My v-word is refund, but I don't think anybody will ask for one
You're welcome. I'm always willing to do my best for the reading public. Also, you have an entertaining string of comments going to your post on the giveaway/contest.
See my comment on your v-words in the "Excursion to Tindari" string.
Since you are on the subject of great new mysteries to be savored, have you sampled any of the DeKok series from the Dutch writer Baantjer? I just finished DeKok and the Dead Harlequin, and I highly recommend it.

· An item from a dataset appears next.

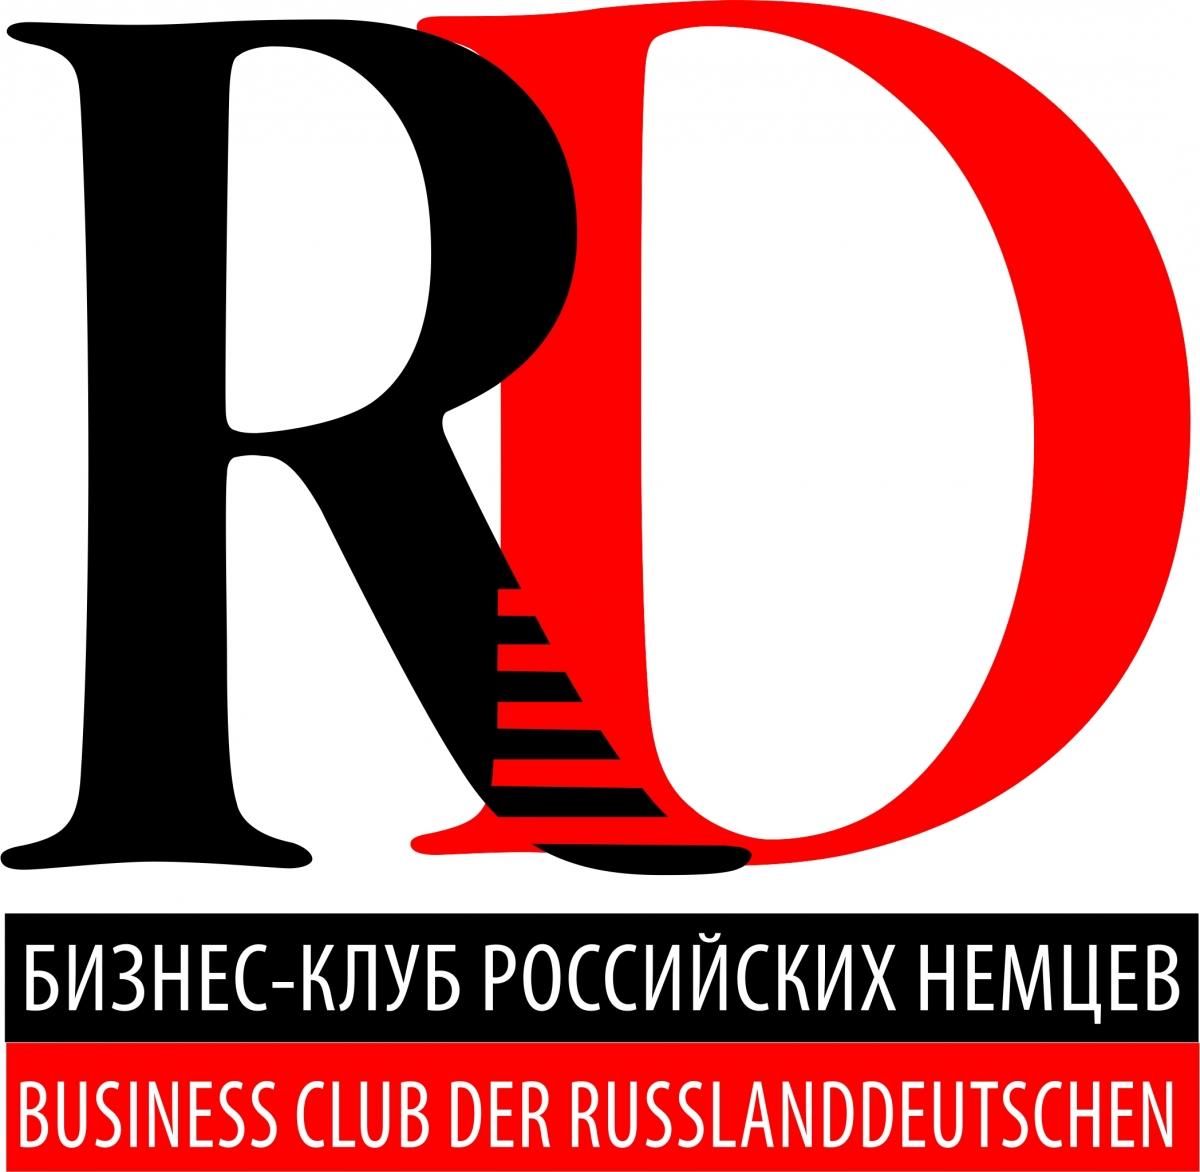 """Осенью состоится встреча Бизнес-клуба российских немцев <br> Дата размещения: 07.09.2015, <a style=""""text-shadow: 0px 0px 0;"""" href=http://www.rusdeutsch.ru/?news=8002 target=_blank >Читать статью</a>, <a style=""""text-shadow: 0px 0px 0;"""" href=http://www.rusdeutsch.ru/fotos/10166_b.jpg target=_blank >Скачать</a>"""

BOLO . . . Hakan Nesser has a new novel coming out in the U.S. in mid-April. It is entitled WOMAN WITH BIRTHMARK.
Another recommendation for your reading list comes to mind. The books by Michael Gregorio (pen-name of a couple living in Italy) feature a Prussian magistrate during the Napoleonic era. The latest is A VISIBLE DARKNESS. My review will appear in an upcoming issue of MYSTERY NEWS. If you haven't read the Gregorio books, your missing out on an enriching reading experience; the protagonist is a protege of Immanuel Kant, so rational inquiry becomes the cornerstone of the sleuth's investigations.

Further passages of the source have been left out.